Both beautiful watches, wear them in the best of health.


----------



## mleok (Feb 16, 2010)

Doppler said:


> Thanks for sharing, love that Reverso. Beautiful bracelet on the VC too.


Thanks, I think the bracelet on the VC is truly a work of art, it is substantial, flexible, and extremely comfortable.

I think that it has the best bracelet of the high-end dressy sports watches, such as the Patek Philippe Nautilus, Audemars Piguet Royal Oak, and IWC Ingenieur.

It elegantly incorporates the Maltese cross (VC logo) motif into the design, and this design element repeats in the bezel and the invisible clasp on the bracelet.


----------



## incontrol (Sep 11, 2010)

Congrats on both of your beautiful watches! I am a huge JLC fan and last year I bought the Grand Reverso GMT. The year before I got a great deal on their Master Control Perpetual 8 Day wind. Enjoy yours in good health!


----------



## mleok (Feb 16, 2010)

incontrol said:


> Congrats on both of your beautiful watches! I am a huge JLC fan and last year I bought the Grand Reverso GMT. The year before I got a great deal on their Master Control Perpetual 8 Day wind. Enjoy yours in good health!

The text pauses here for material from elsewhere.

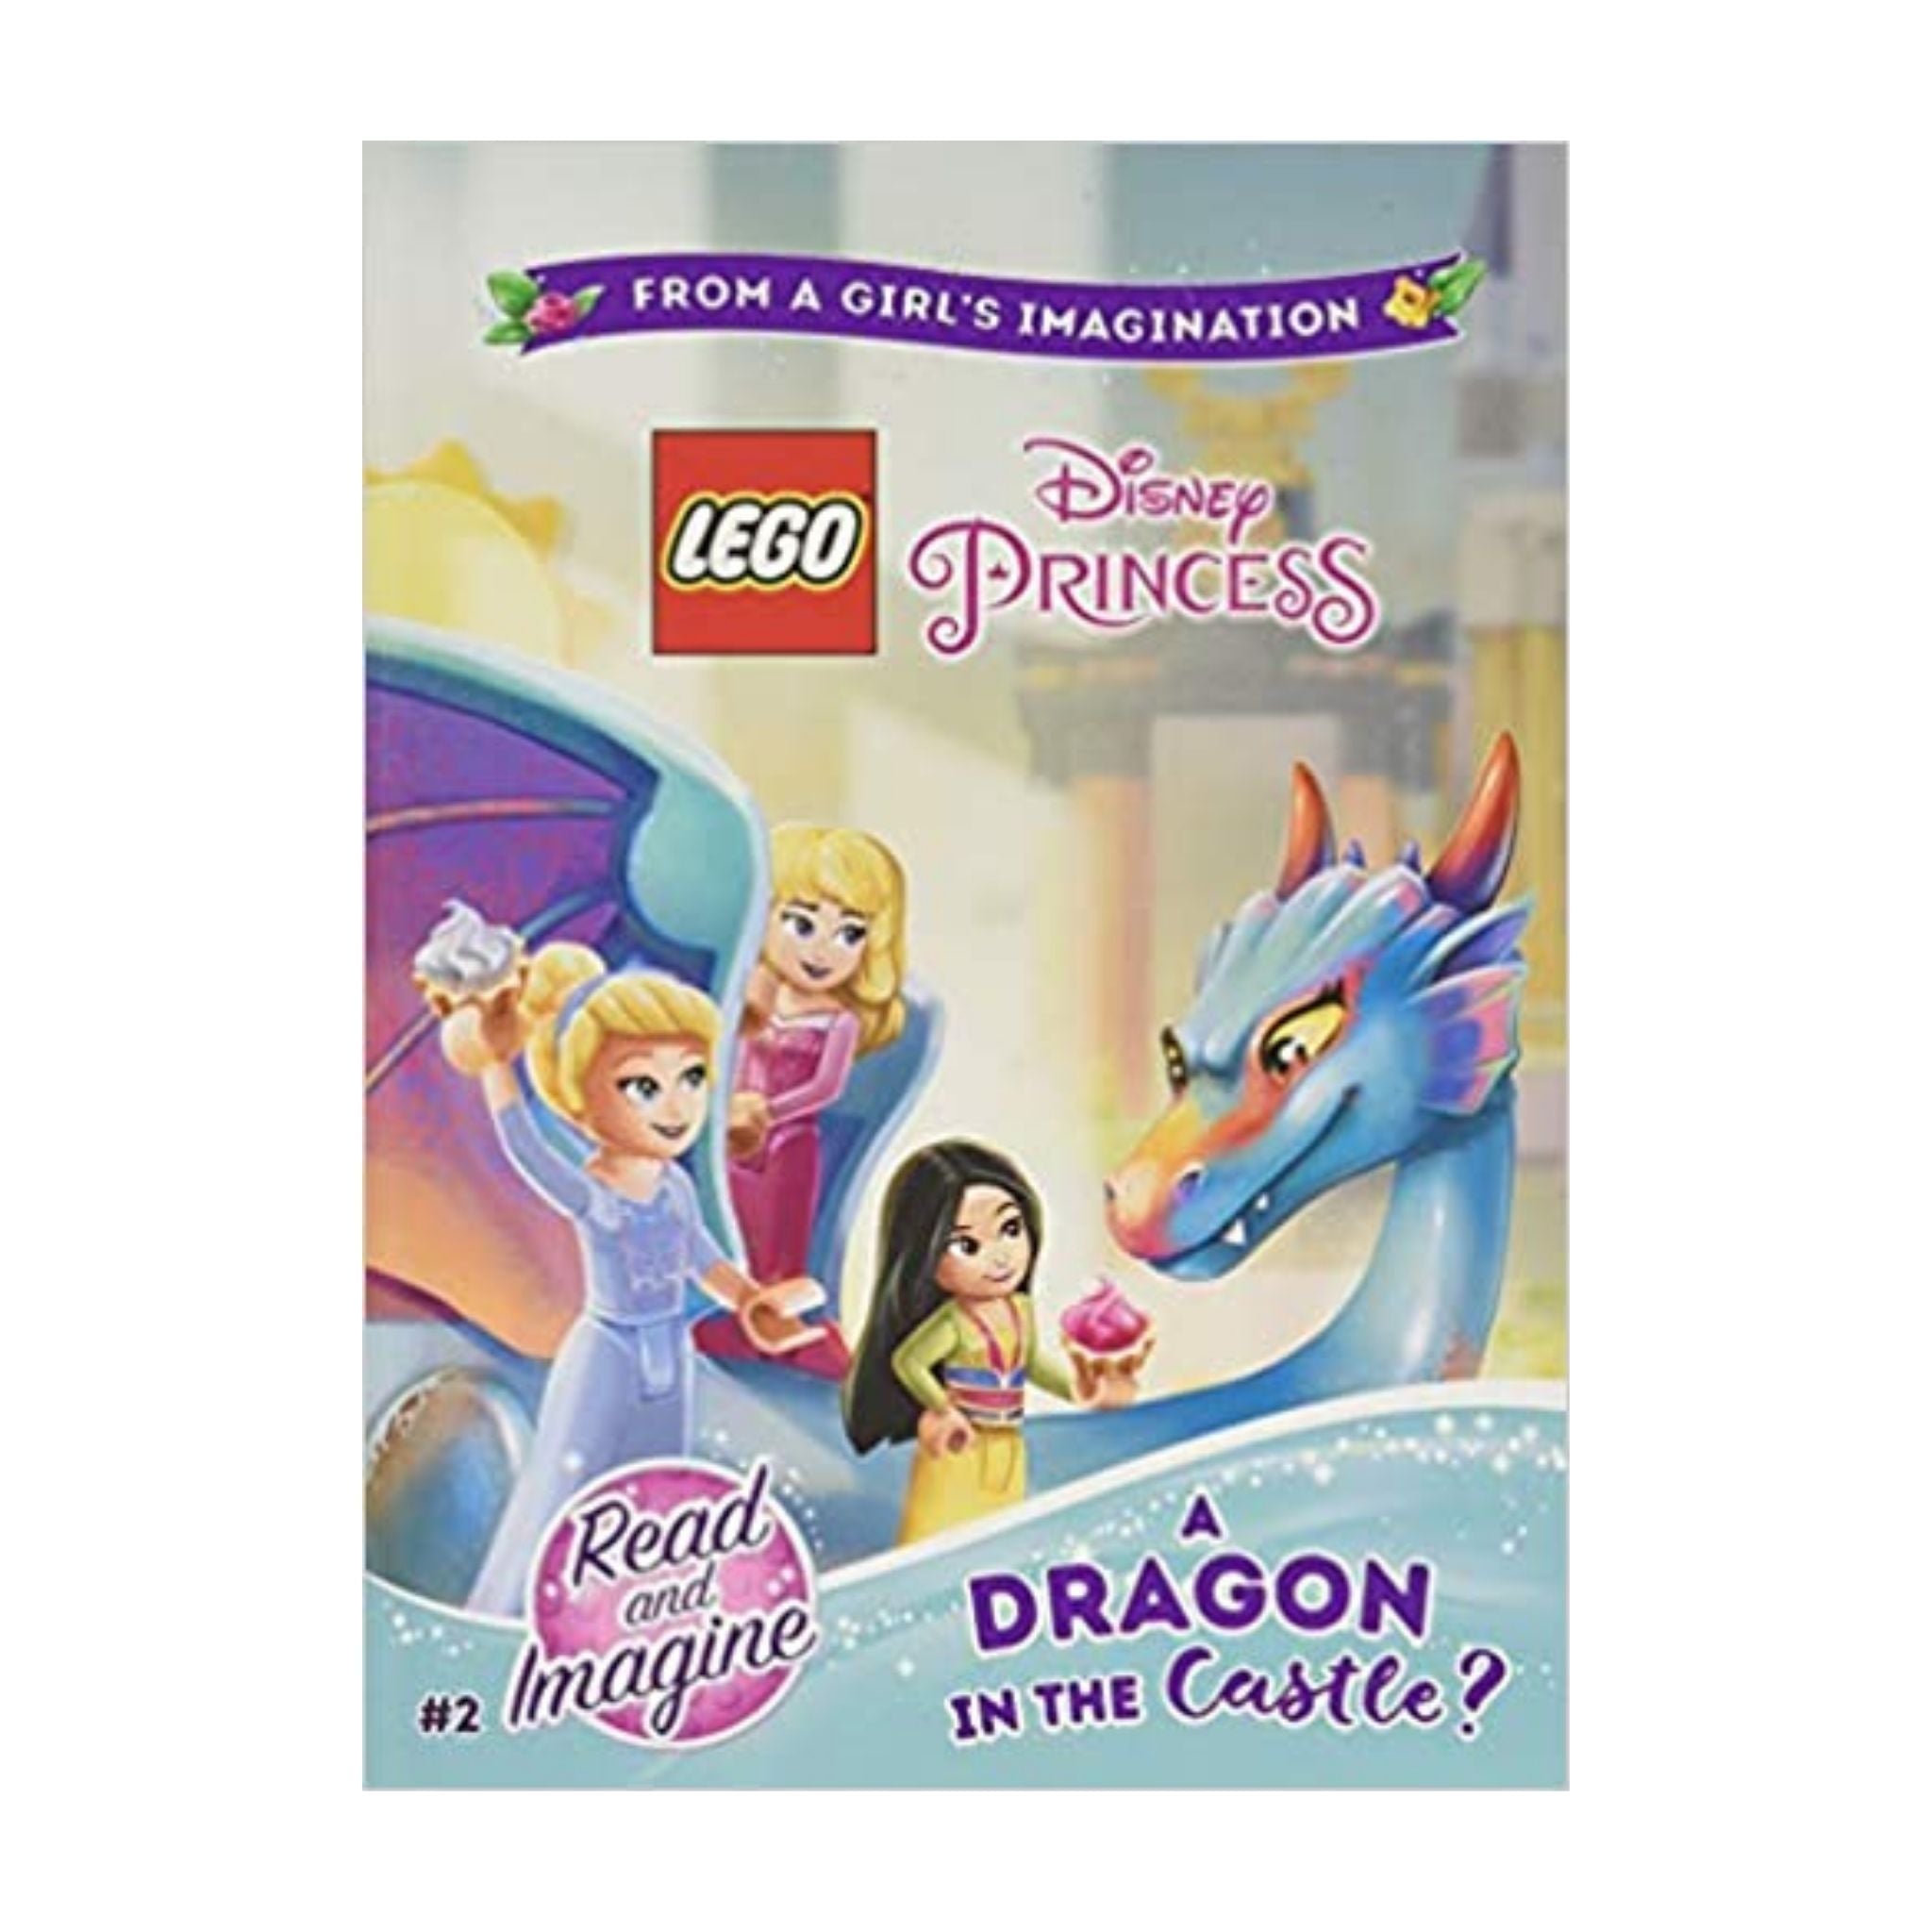 LEGO Disney Princess: A Dragon in the Castle?: Chapter Book 2 (Lego Disney Princess: Read and Imagine)

Thanks, and thanks for sharing photos of your Grand Reverso GMT, it's a beautiful watch. Do you like the bracelet that the Reverso comes with?


----------



## clover4studio (Jul 25, 2011)

Beautiful Reverso! Just wondering, do you find it too dressy to wear it with jeans and tshirts? Would really like to get one in the future but I just get a sense it is one of those watches which feel at home only with suits and shirts.


----------



## mleok (Feb 16, 2010)

clover4studio said:


> Beautiful Reverso! Just wondering, do you find it too dressy to wear it with jeans and tshirts? Would really like to get one in the future but I just get a sense it is one of those watches which feel at home only with suits and shirts.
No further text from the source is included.